- Exo-K's version (left) and Exo-M's version (right)

Single by Exo

from the EP Mama
- Language: Korean; Mandarin;
- Released: April 8, 2012
- Recorded: 2011
- Studio: SM Booming System (Seoul)
- Genre: K-pop; rock; R&B;
- Length: 4:32
- Label: SM; KMP Holdings;
- Composer: Yoo Young-jin
- Lyricists: Yoo Young-jin; Wang Yajun;
- Producer: Yoo Young-jin

Exo singles chronology
| "History" (2012) | "Mama" (2012) | "Wolf" (2013) |

Music video
- "Mama (Korean version)" on YouTube "Mama (Chinese version)" on YouTube

= Mama (Exo song) =

2012 single by Exo

"Mama" is a song by South Korean boy band Exo, split to the two subgroups Exo-K and Exo-M. It served as their debut single and the title track of their debut extended play Mama (2012).
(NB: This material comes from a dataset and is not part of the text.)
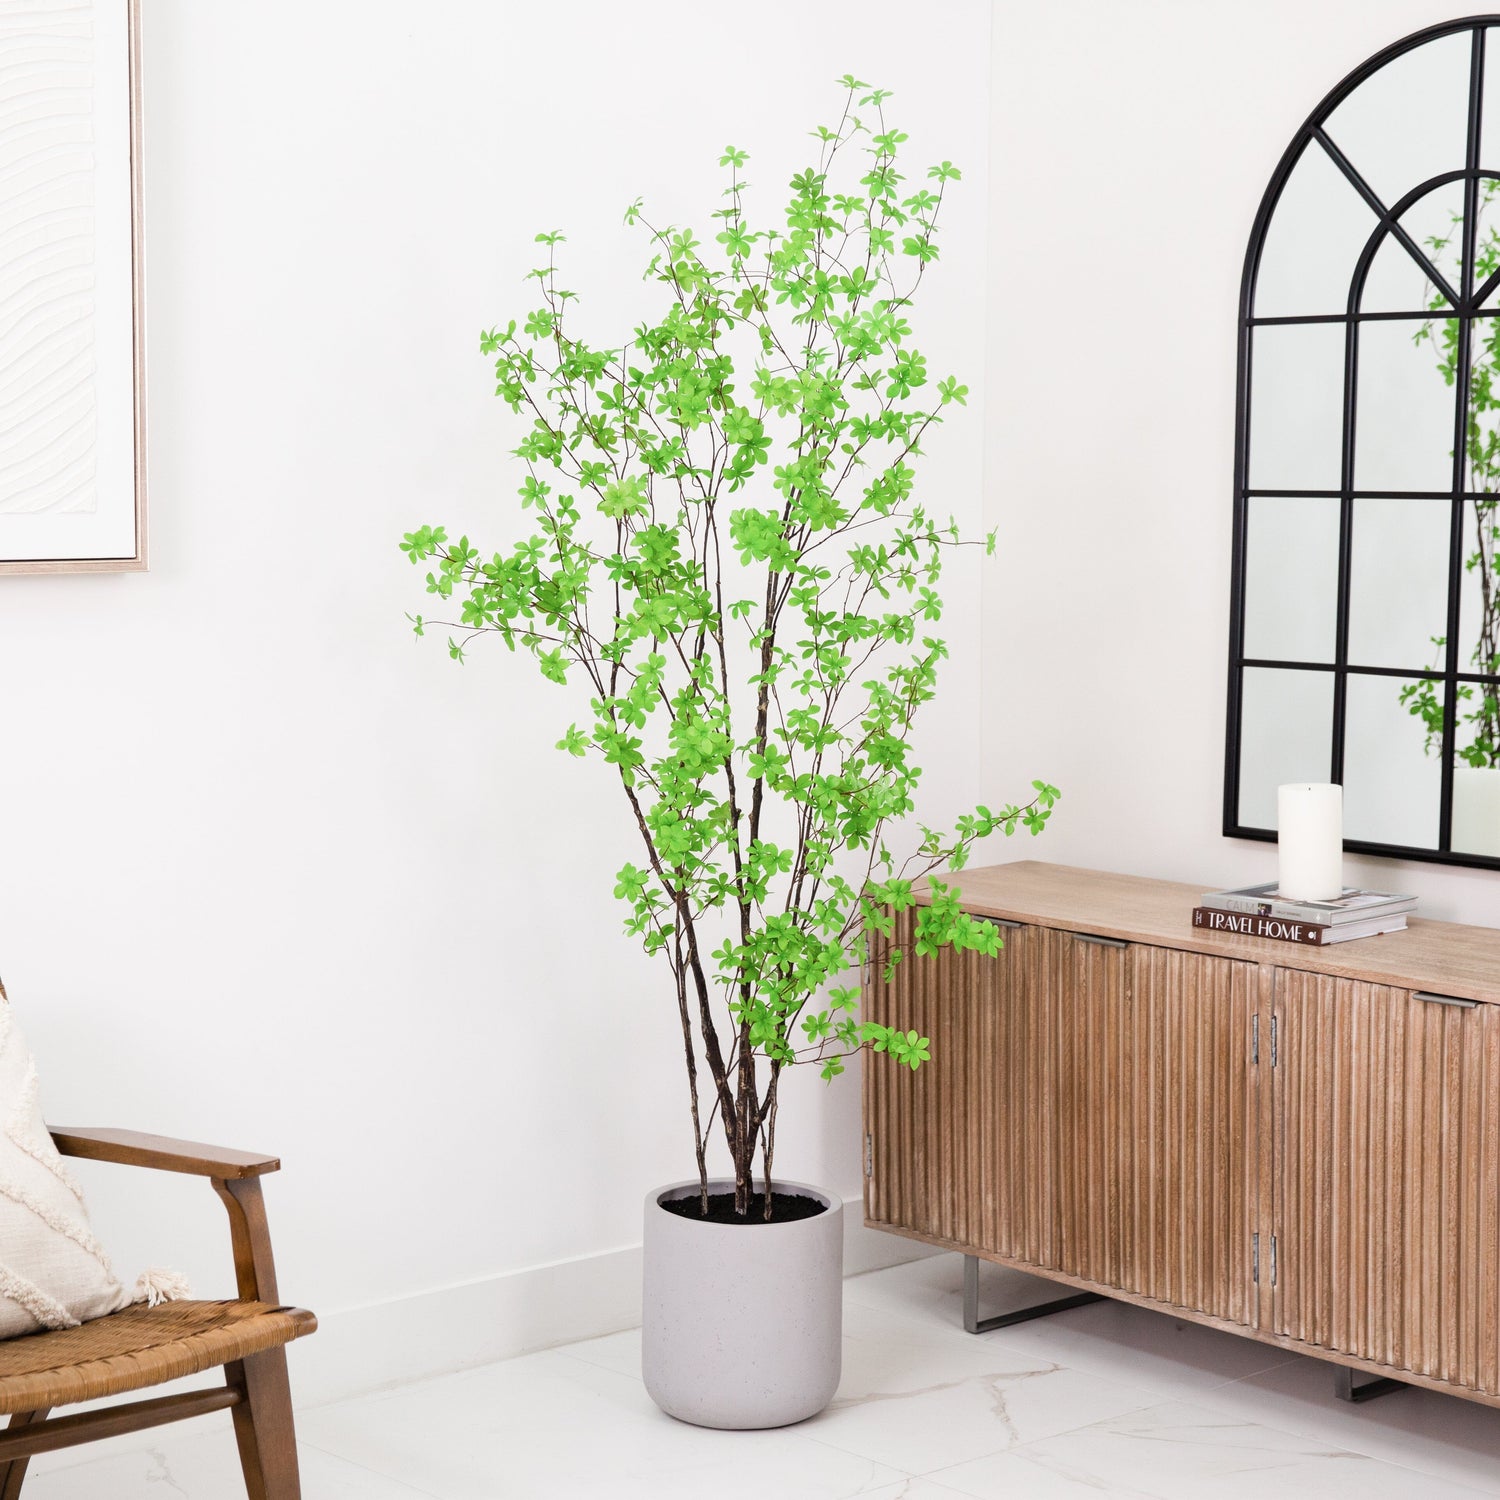 7’ Artificial Enkianthus Tree with Resin Stone Planter

Available in both Korean and Mandarin, the song was released digitally on April 8, 2012, by SM Entertainment.

==Release and promotion==
"Mama" was originally written and produced by Yoo Young-jin, with the Chinese lyrics written by Wang Yajun. The Korean version is performed by subgroup Exo-K and the Mandarin version by Exo-M. The music videos of the song were released on YouTube on April 7, 2012, the same day the song was made available for download through iTunes and other Korean and mainland Chinese online retailers.
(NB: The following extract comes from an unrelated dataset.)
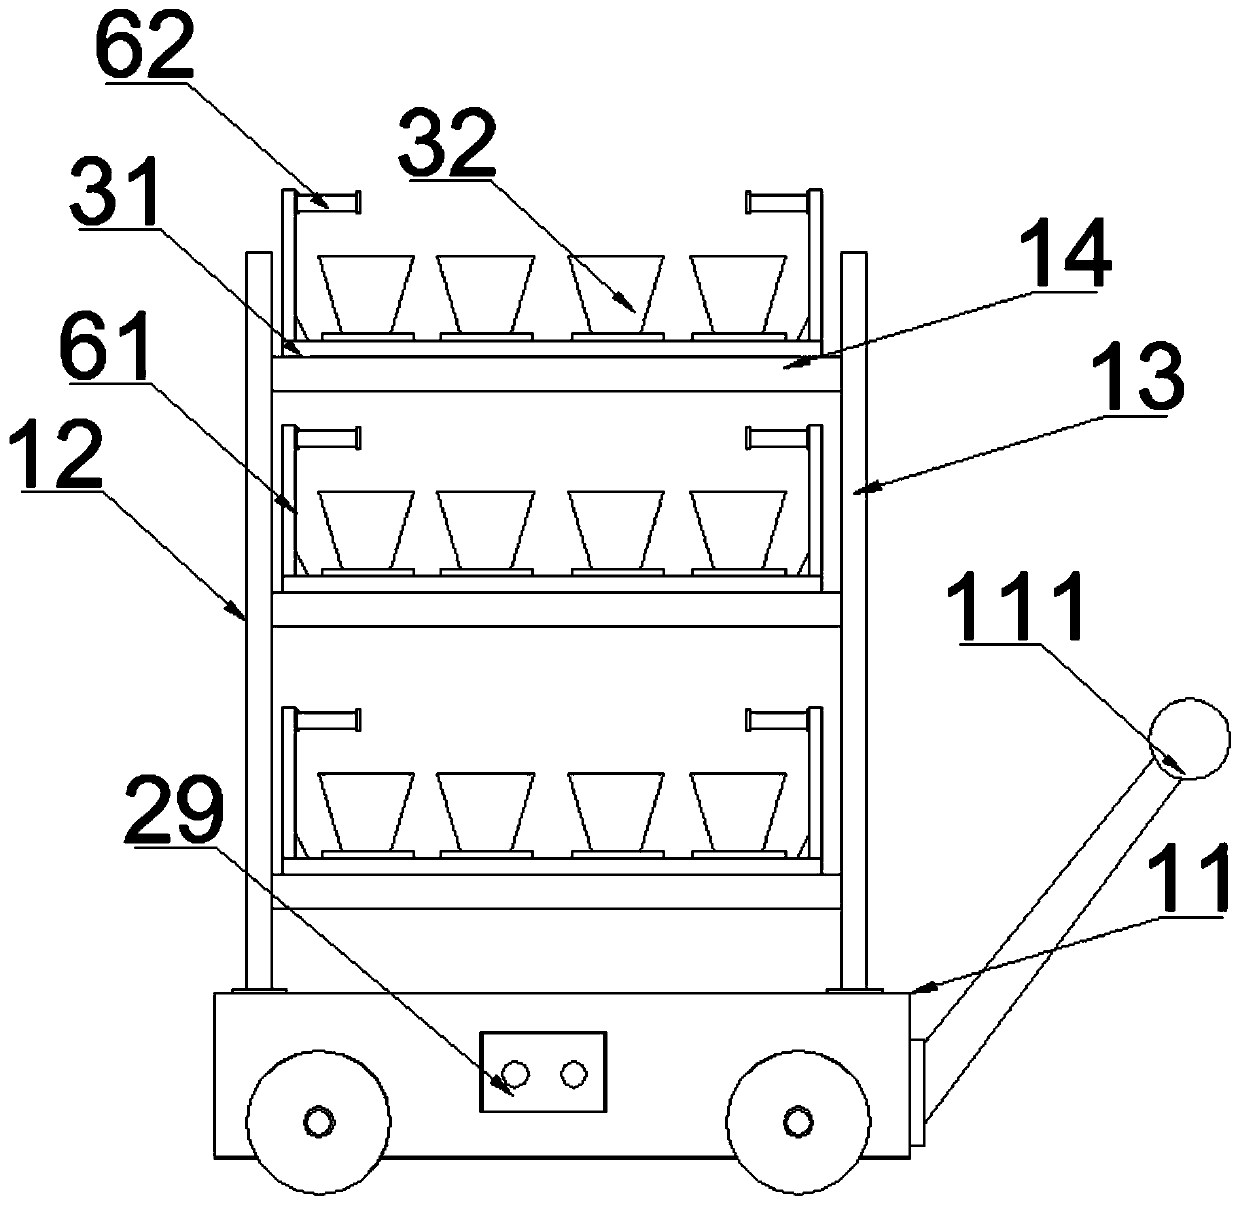 Multi-layer plant loading and unloading truck

Exo-K and Exo-M performed both versions during their pre-debut showcase on March 31, 2012 in Seoul, South Korea, followed by a second group performance for their second showcase in Beijing, China on April 1.
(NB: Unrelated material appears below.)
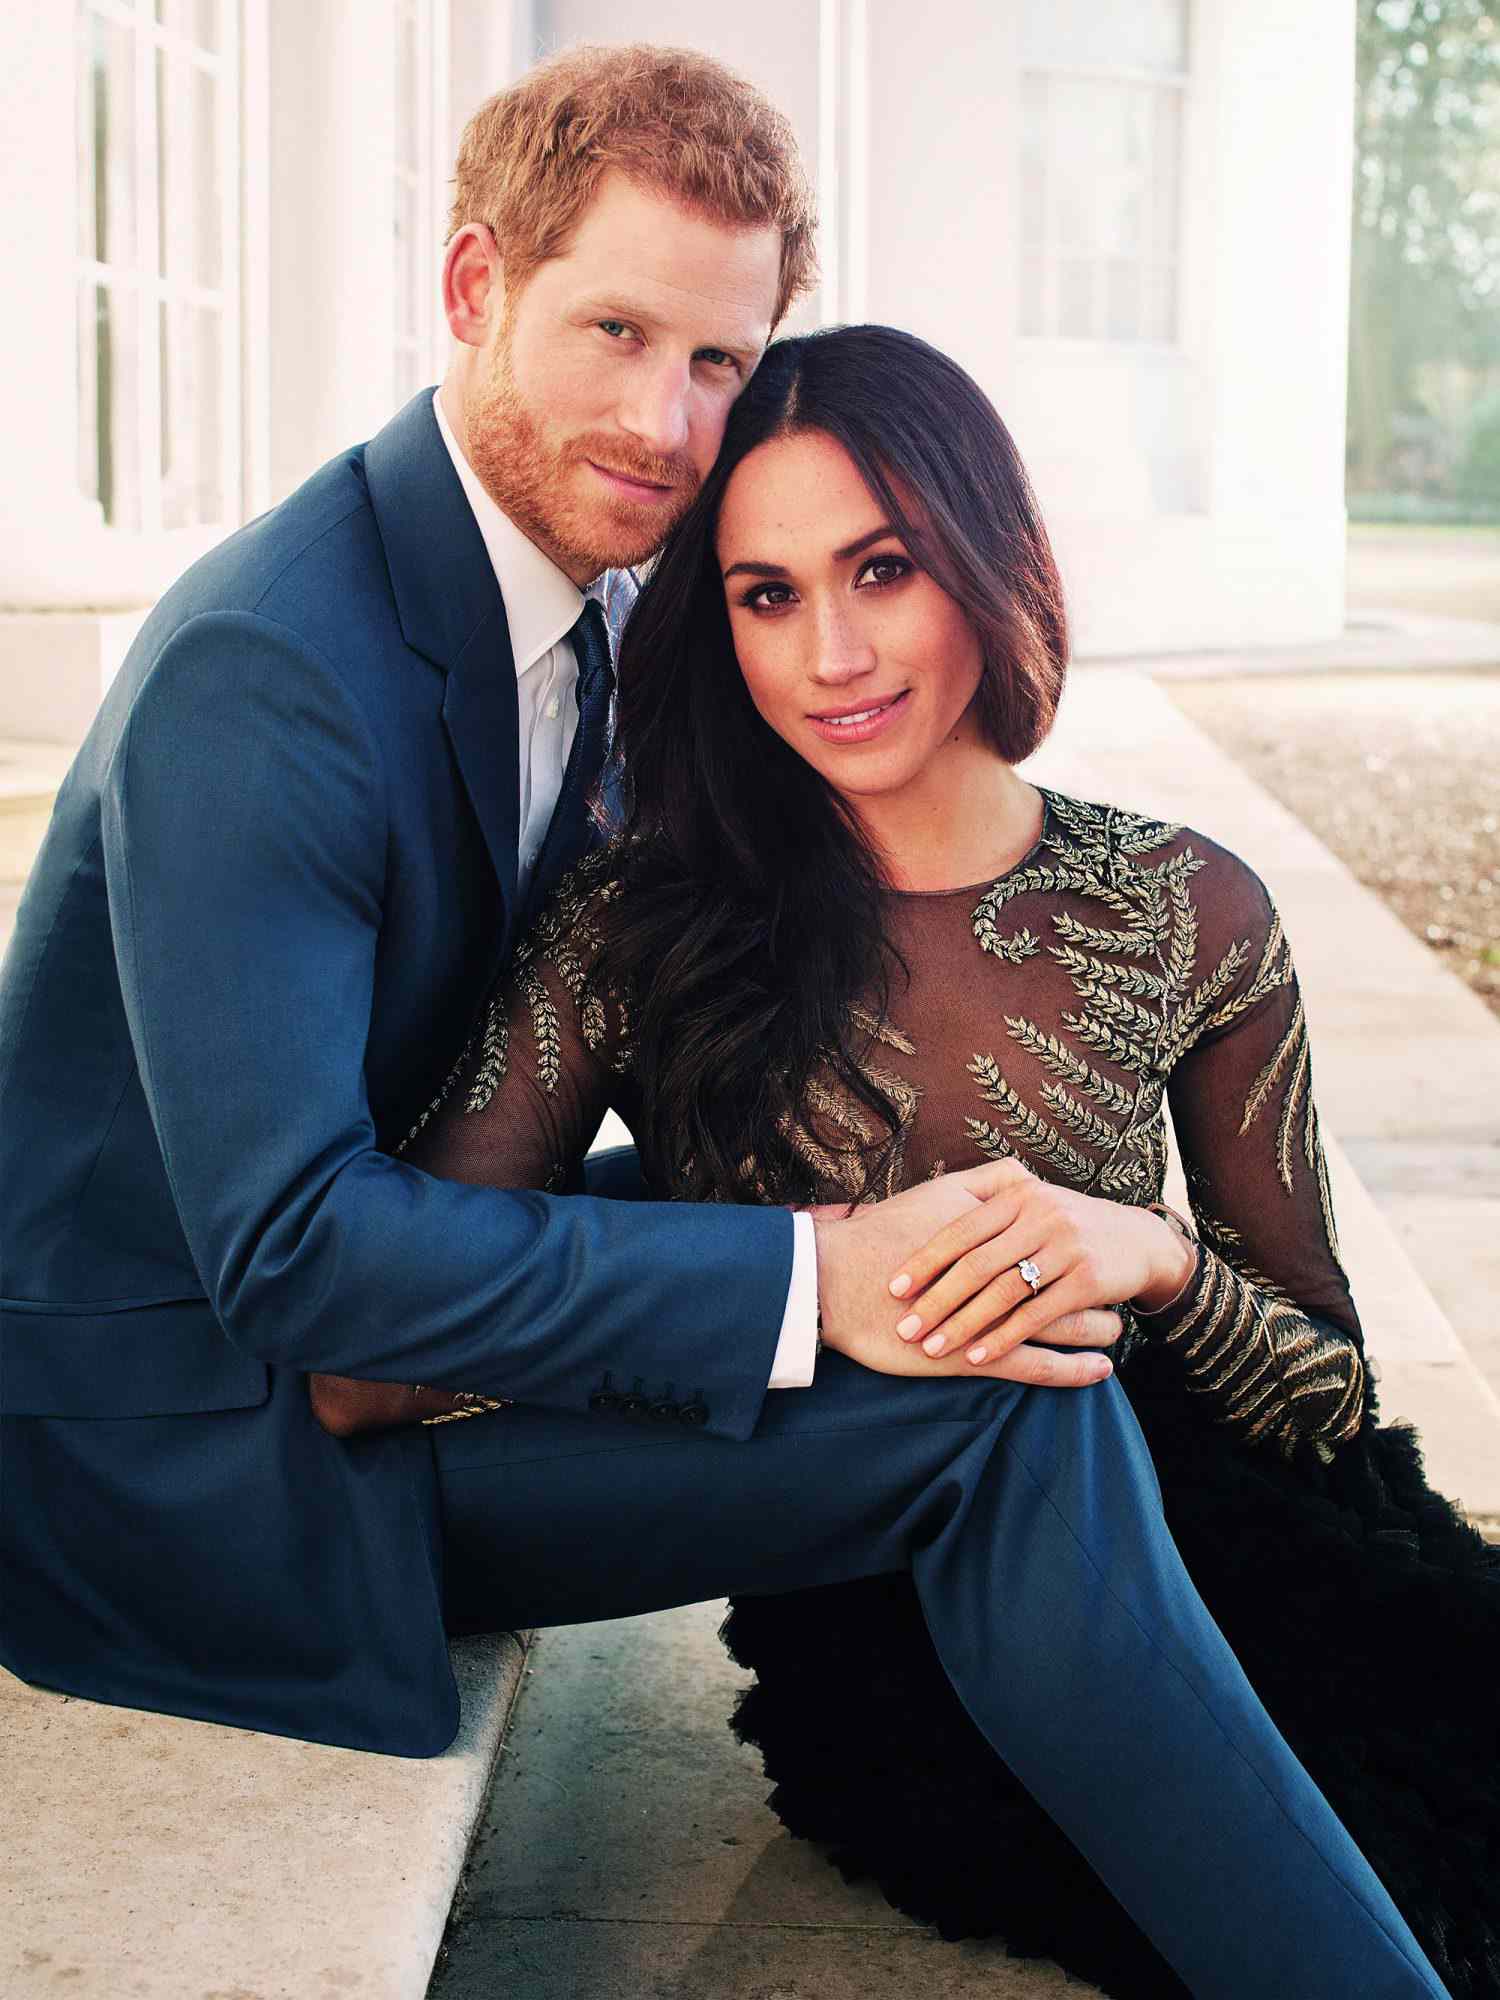 Prince Harry and Meghan Markle official engagement photos, Frogmore House, Windsor, UK - 21 Dec 2017

On April 7, Exo-M made their television debut at China's 12th Yinyue Fengyun Bang Awards, performing "Mama". On that same day Exo-K made their debut in Korea on SBS's music program Inkigayo, performing both "Mama" and a prologue single, "History". Exo-K also debuted on Mnet's M Countdown on April 12, KBS's Music Bank on April 13, and MBC's Show! Music Core on April 14.

==Music video==
Two music videos for "Mama" were released on YouTube on April 8, 2012 through S.M. Entertainment's official channel, SMTOWN. Each music video, though recorded in two different versions, featured all twelve members of Exo.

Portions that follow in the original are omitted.